◆ What you need to do: Go to the line with "2019年安徽省百强企业榜单_研究报告 - 前瞻产业研究院" in the records below, then output it and each following line exactly, up to and including the line with "IJsland prijswijzigingen Water". Skip pictures and add nothing.

───── Input material ─────

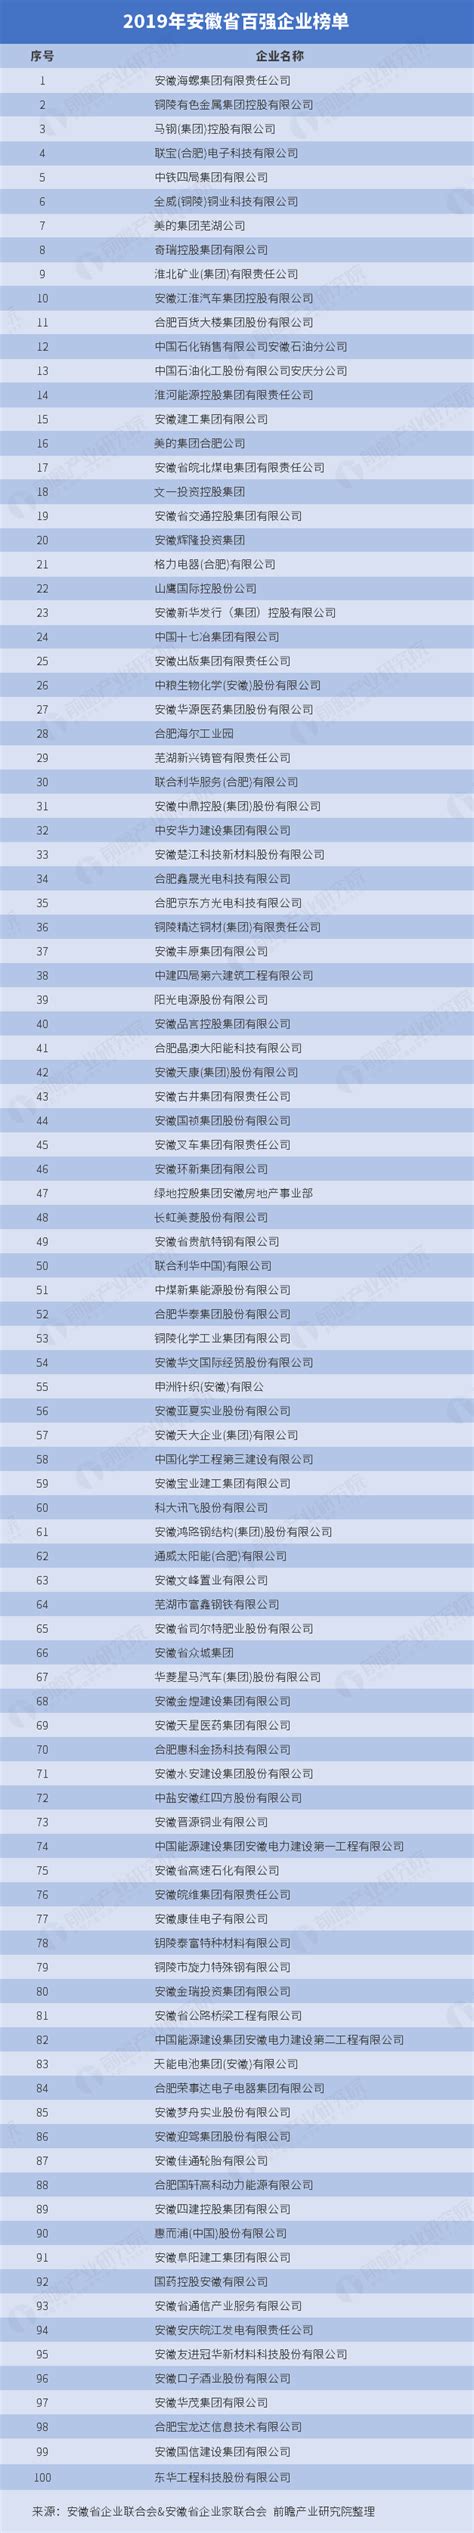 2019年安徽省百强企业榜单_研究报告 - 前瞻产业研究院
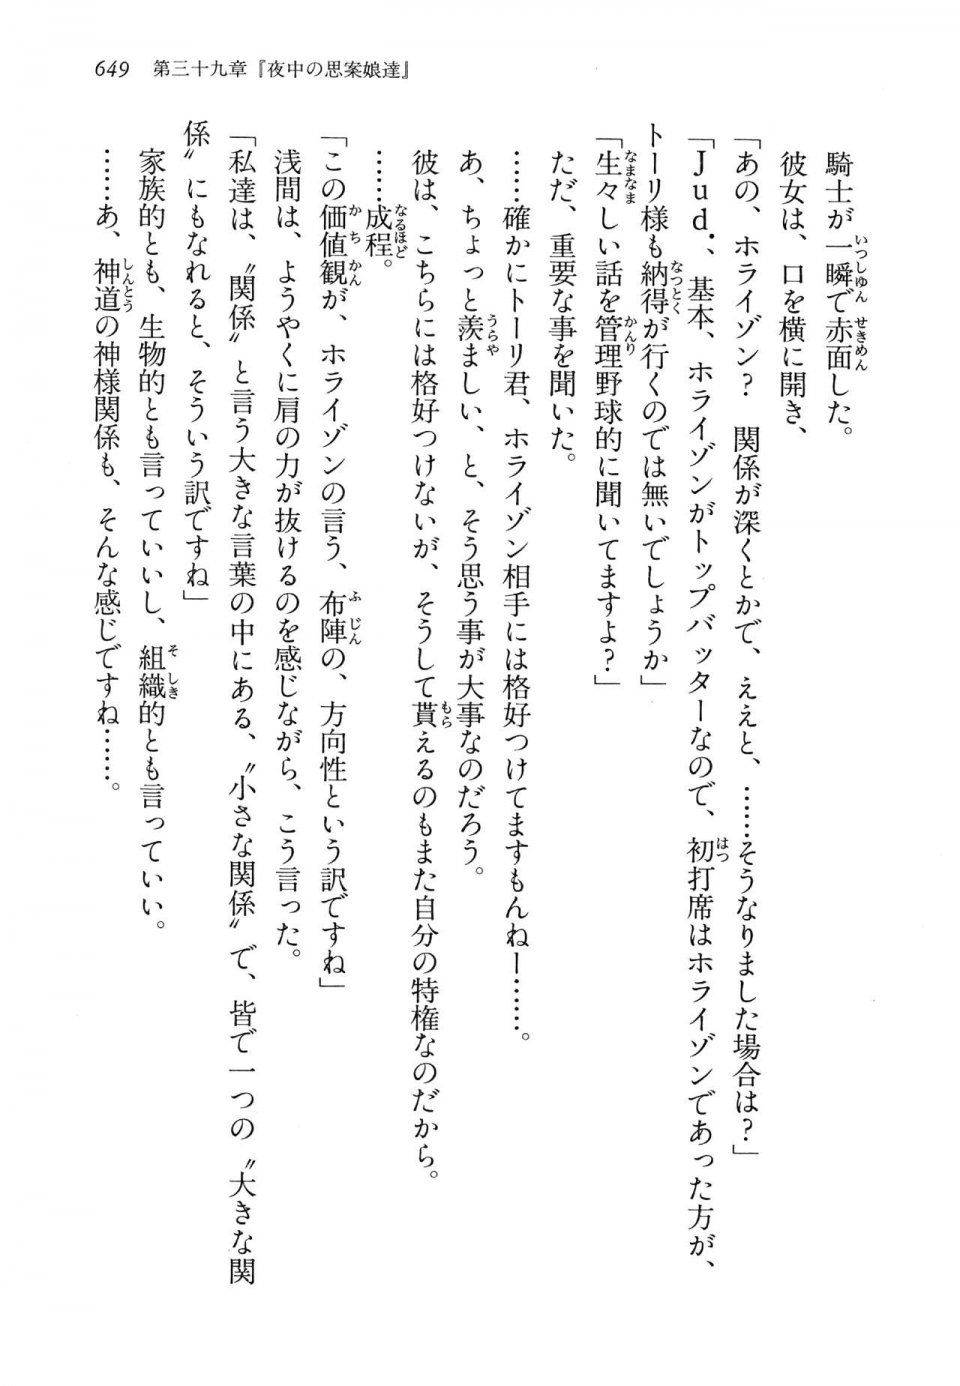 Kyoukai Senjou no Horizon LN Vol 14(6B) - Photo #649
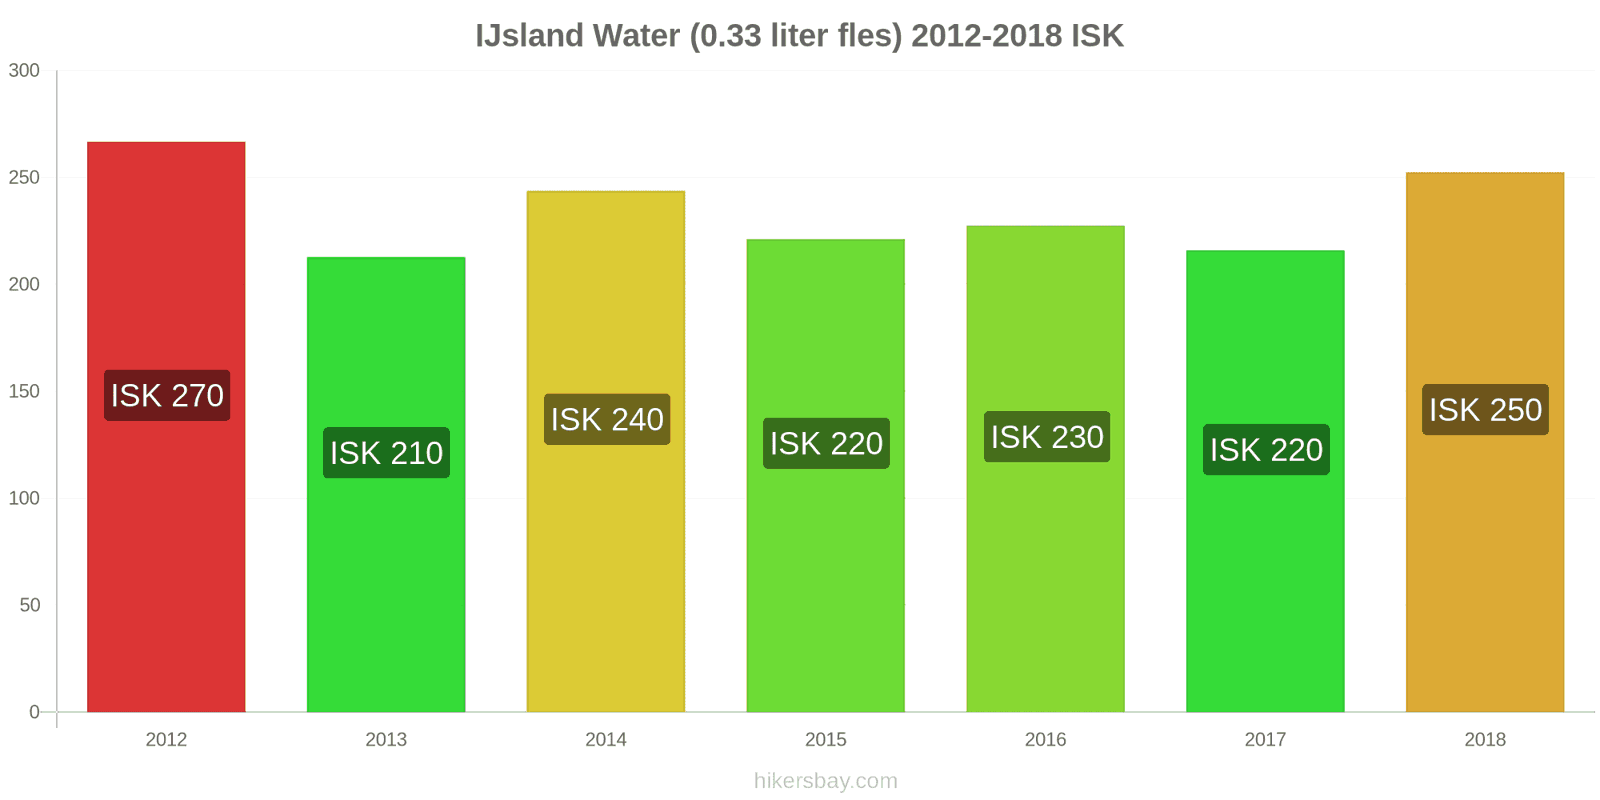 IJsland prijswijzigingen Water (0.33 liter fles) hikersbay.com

─────
───── Input material ─────

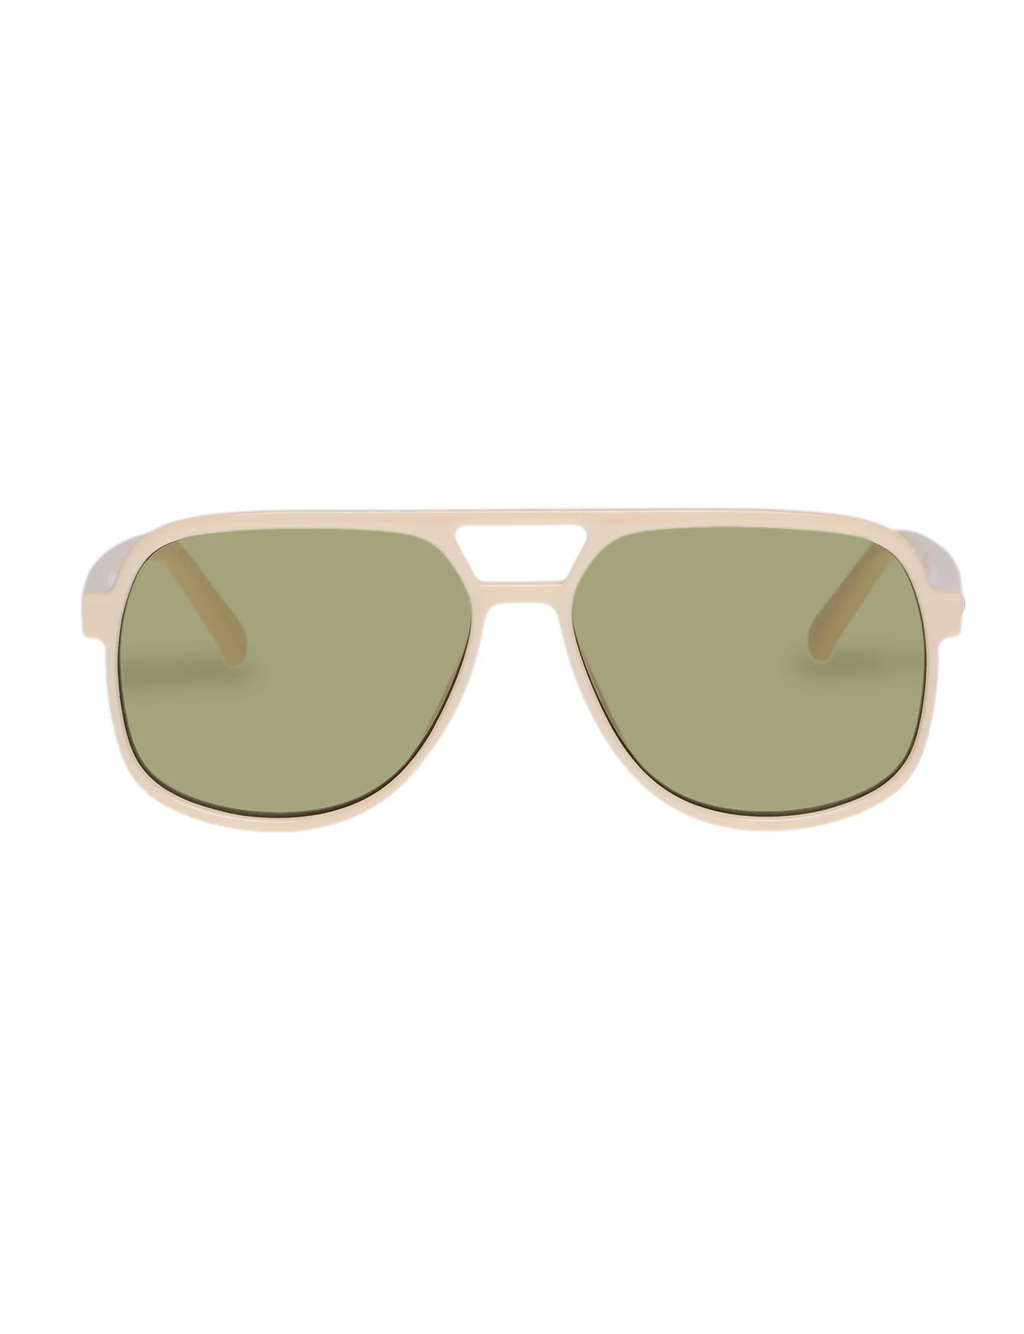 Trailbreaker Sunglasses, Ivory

─────

◆ Task solution:
 2019年安徽省百强企业榜单_研究报告 - 前瞻产业研究院
 Kyoukai Senjou no Horizon LN Vol 14(6B) - Photo #649
 IJsland prijswijzigingen Water (0.33 liter fles) hikersbay.com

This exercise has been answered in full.